Ведь и февральская, и октябрьская революции были спровоцированы бездарностью политиков царского и временного правительств, а проблемы, копившиеся в стране десятилетиями, в 1917 году достигли критического уровня.

Однако глубинные исторические перемены готовились на протяжении долгого времени, готовились многими поколениями пассионариев: от дворянских «дворцовых революционеров» до социал-революционеров. И было положено очень много труда, очень много жизней до наступления того момента, когда можно было приступить к строительству нового общества.

— Еще пока ты был на свободе, многие начали крутить так и эдак тему «России айфона» и «России шансона». Что ты думаешь об этом?

По-моему, люди, противопоставляющие «Россию айфона» и «Россию шансона», невольно льют воду на мельницу существующей власти. Живущие в Москве представители умственного труда имеют роскошь повышать свой интеллектуальный, культурный уровень. Они располагают роскошью совершенствоваться. Жители депрессивной провинции, до которых не доходит (или доходит в несопоставимой со столицей объемах) сырьевая рента, которые не могут воспользоваться административной рентой, у них нет экономических ресурсов «России айфона».

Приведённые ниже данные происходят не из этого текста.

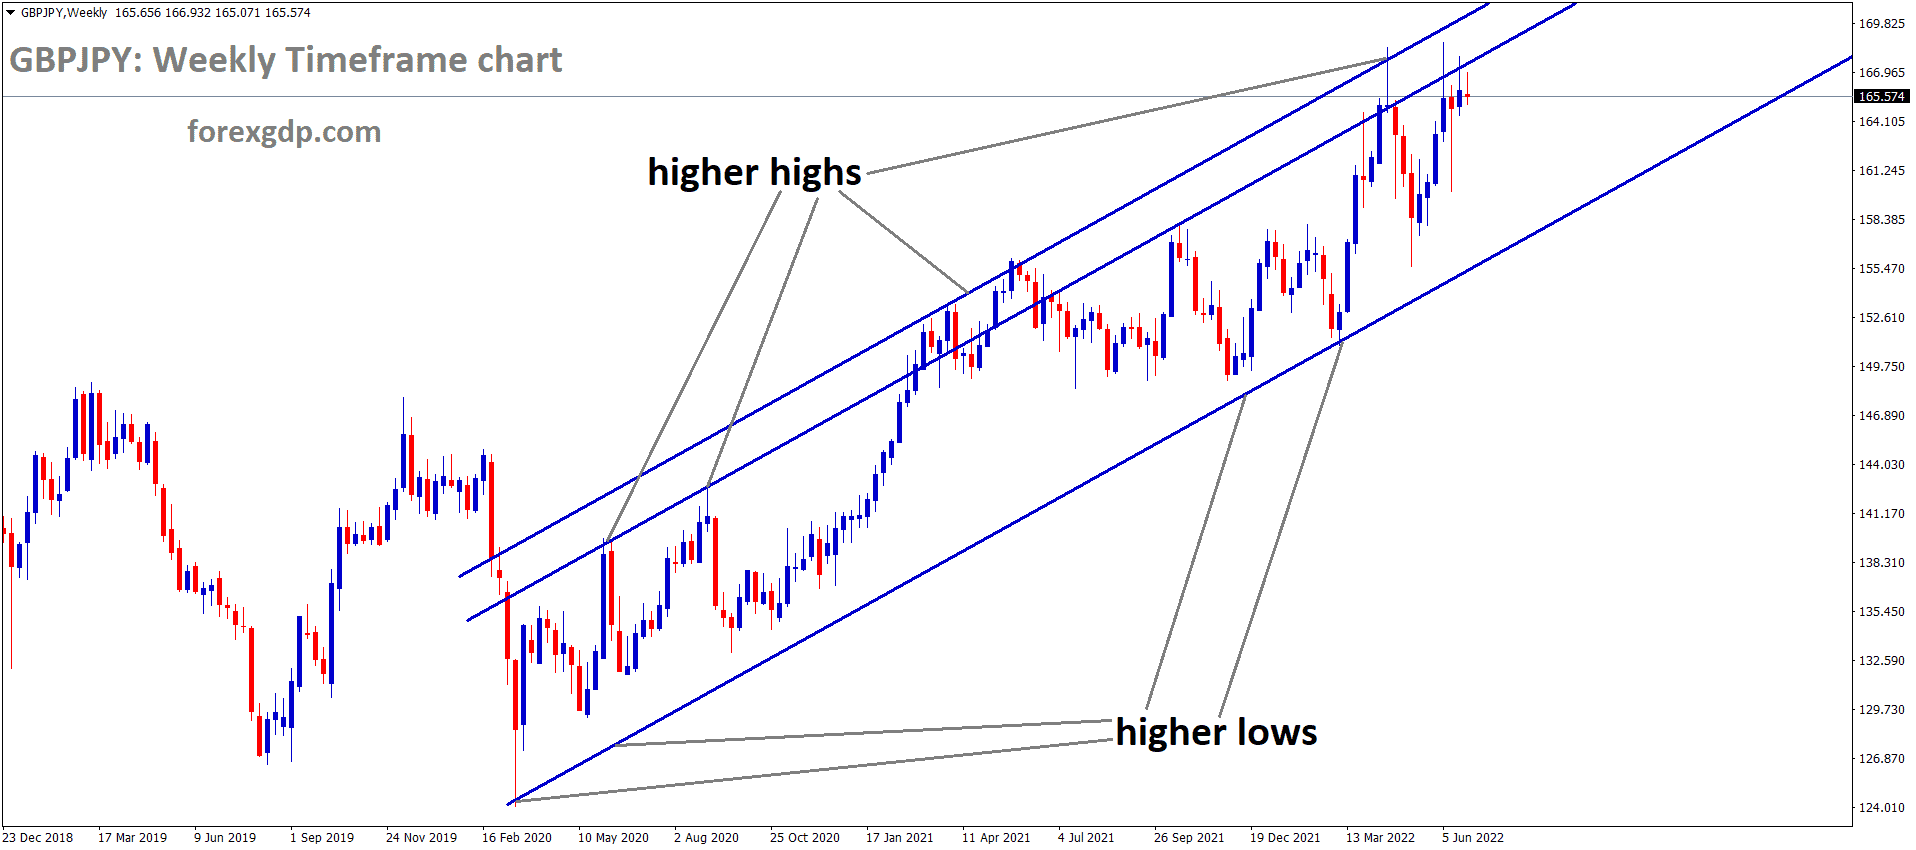 GBPJPY Weekly Time Frame Analysis Market is moving in an Ascending channel and the Market has reached the higher high area of the channel.

Нужно, чтобы опора режима не была искусственно большой — ведь прямые жизненные интересы так называемой элиты Российского государства входят в прямое противоречие с жизненными интересами подавляющего большинства россиян, неважно, будь то представители «креативного класса» или рабочие с «Уралвагонзавода». Российская интеллигенция, «креаклы», представители умственного труда, чтобы и улучшить свою жизнь, и предотвратить наступление гуманитарной, социально-экономической и общечеловеческой катастрофы, должны заниматься тем, чем занимались их предшественники в былые эпохи. Этим уже сейчас занимаются наиболее сознательные представители обозначенных мною слоев.

Нужно заниматься просвещением, организацией людей, «ходить в народ», как это раньше называлось. Нужно быть новыми народниками. Нельзя допускать презрения к так называемому быдлу, к тем, кто слушает шансон, живет в депрессивном районе, трудится на заводе и в добровольно-принудительном порядке доставляется своим начальством на «путинги». Такое презрение к своему народу есть социальная мерзость, оно позволяет сохранять действующую власть.

Нужно понимать, что новое общество не будет построено, если кто-то напишет сто постов в Интернете. Люди жертвовали в былые эпохи здоровьем и жизнью, чтобы у последующих поколений имелись более широкие возможности развития. Вот так и мы должны осознавать необходимость долгой и упорной борьбы. В современной России многие боятся даже сходить на согласованный митинг. Вот этот многовековой страх изживается очень трудно.

Осознавая свои и других людей коренные жизненные интересы, нужно показывать, что мы протестуем, заявляем о себе не только по материальным, но и по этическим причинам. Нужно показать, что сами принципы устройства нашего государства и общества неправильны, неправедны, неэффективны, бесчеловечны.

На мой взгляд, нужно показать, что возможно иное общество, контуры которого медленно, но верно очерчиваются. Другой вопрос, что для этого общества предстоит много сделать. Я не побоюсь этого слова: возможен новый социализм. Это не социализм с диктатурой одной партии, это не социализм, базирующийся только на крупном индустриальном производстве. Это не социализм вчерашних бедных и необразованных людей, которые в силу неразвитости общественных отношений рады принять любых вождей и ради куска хлеба (необязательно в прямом смысле слова) готовы предать то дело, которое когда-то благородно начинали сами же эти люди.